PROCESS/Congenital/developmental (category)
PROCESS/Constitutional/essential disorder (ex)
PROCESS/Hamartoma type neoplasm (ex)
PROCESS/Hamartomatoses/Phakomatoses (ex)
PROCESS/Neoplastic (category)
PROCESS/Phakomatosis/congenital (ex)
PROCESS/Anomalies/Deformities/Malformations (EX)
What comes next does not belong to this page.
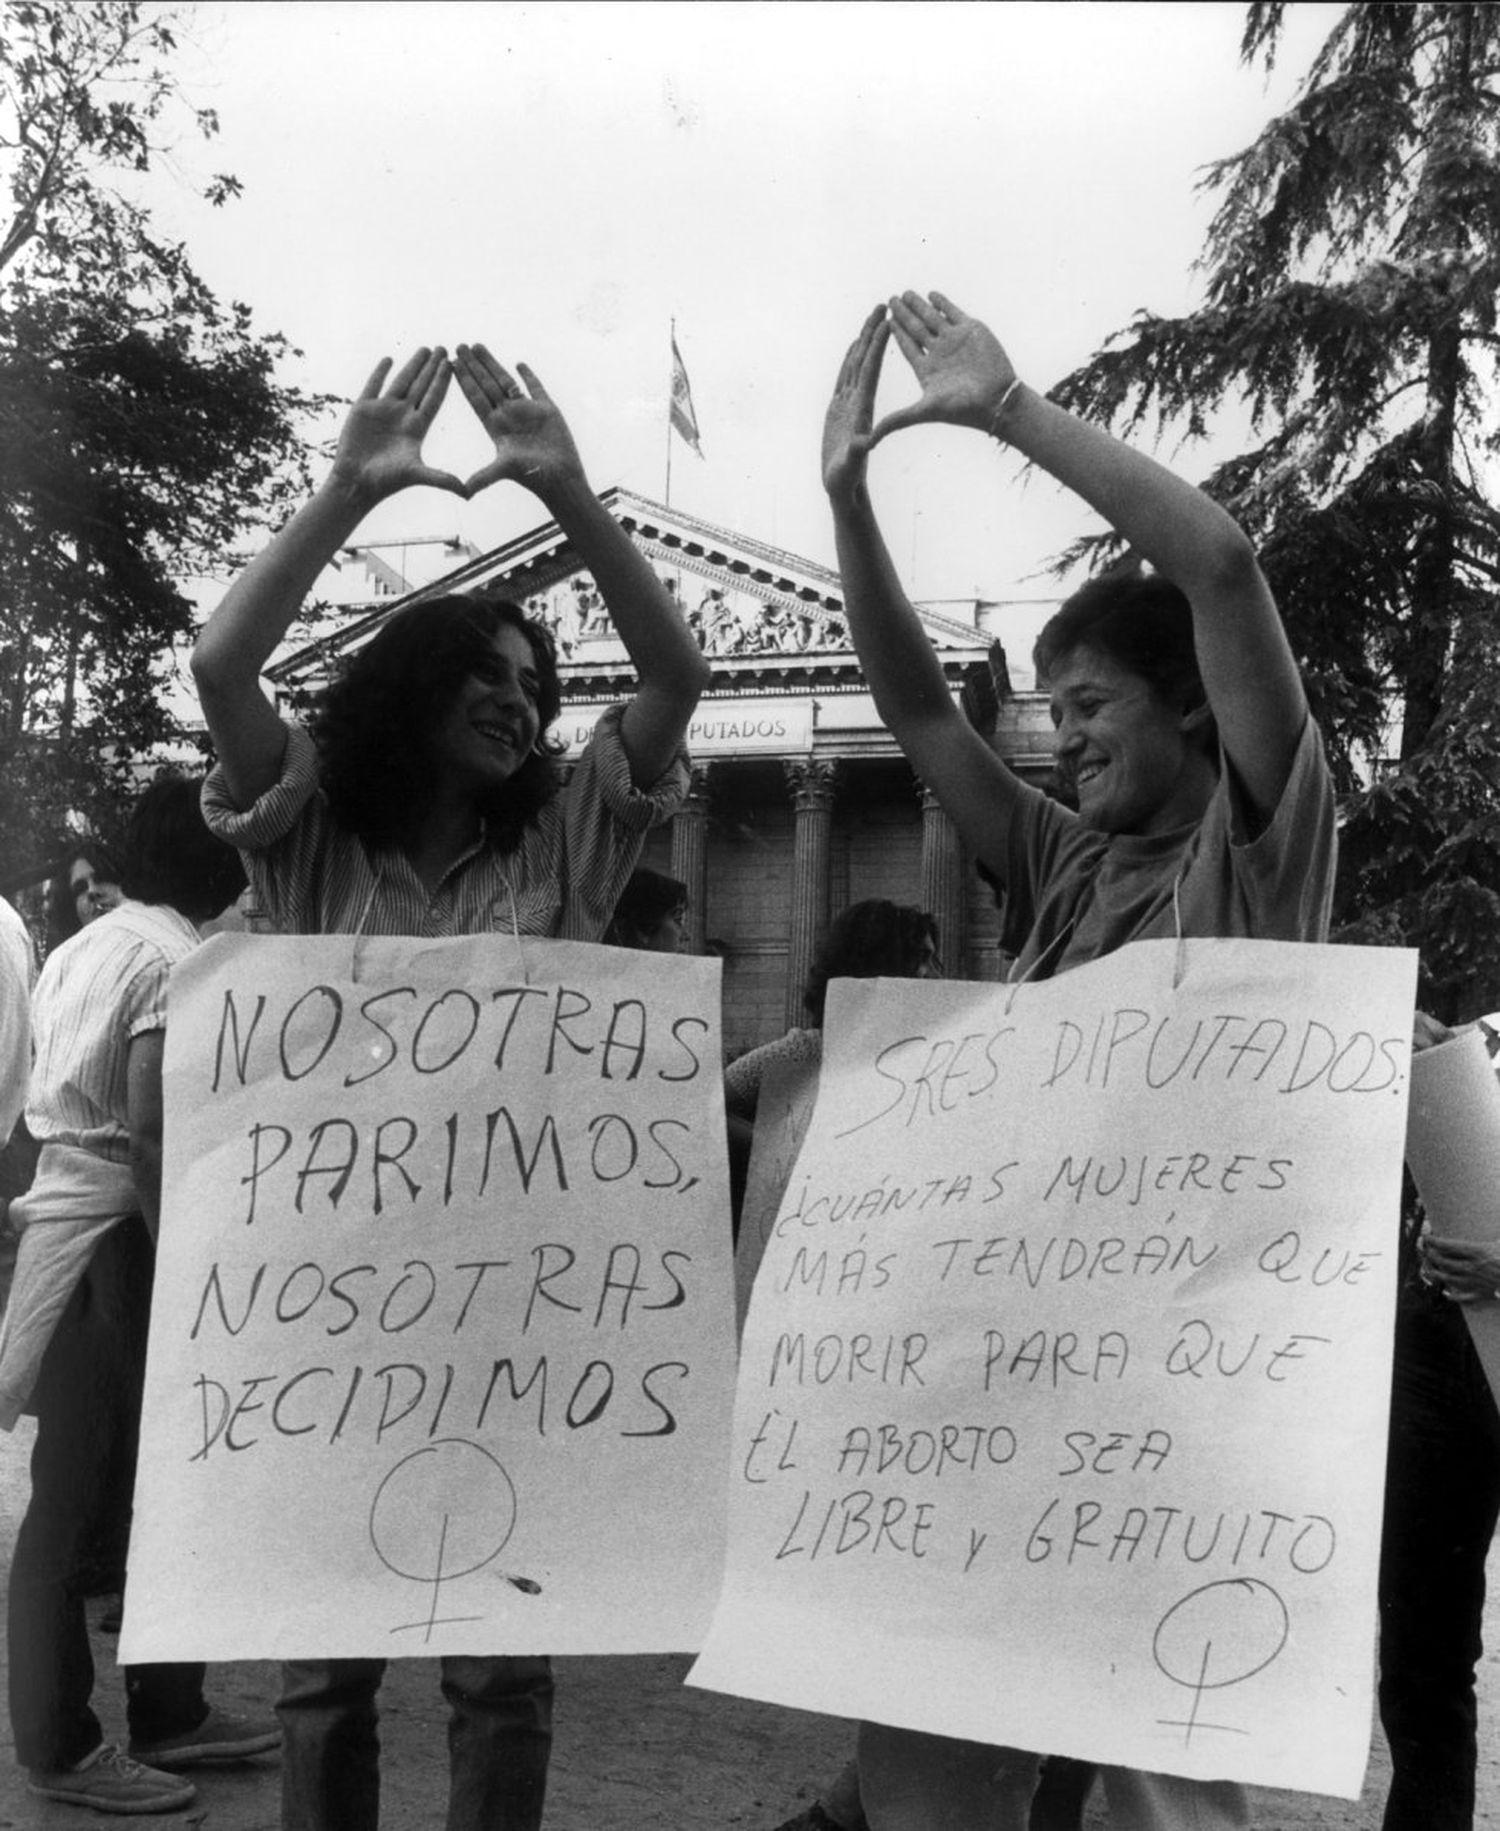 Varias mujeres hacen el signo feminista en una manifestación a favor del aborto libre y gratuito a las puertas del Congreso de los Diputados, durante el debate sobre la despenalización parcial del aborto en casos de violación, grave peligro para la vida de la madre y malformaciones en 1983.

PROCESS/Congenital neoplasm (ex)
Synonyms
Synonym
CD, COWDEN DIS, COWDEN DISEASE, Cowden syndrome, Cowden syndrome (disorder), COWDENS DIS, Cowdens Disease, Cowden's disease, Cowden's syndrome, CS, Disease Cowden, Disease Cowden's, Hamartoma Syndrome Multiple, MHAM, Multiple hamartoma syndrome, Syndrome Multiple Hamartoma, Synonym/Cowden's disease
Definition

A hereditary disease characterized by multiple ectodermal, mesodermal, and endodermal nevoid and neoplastic anomalies. Papules of the face and oral mucosa are the most characteristic lesion. Other changes occur in the skin, in the thyroid, the breast, the gastrointestinal system, and the nervous system.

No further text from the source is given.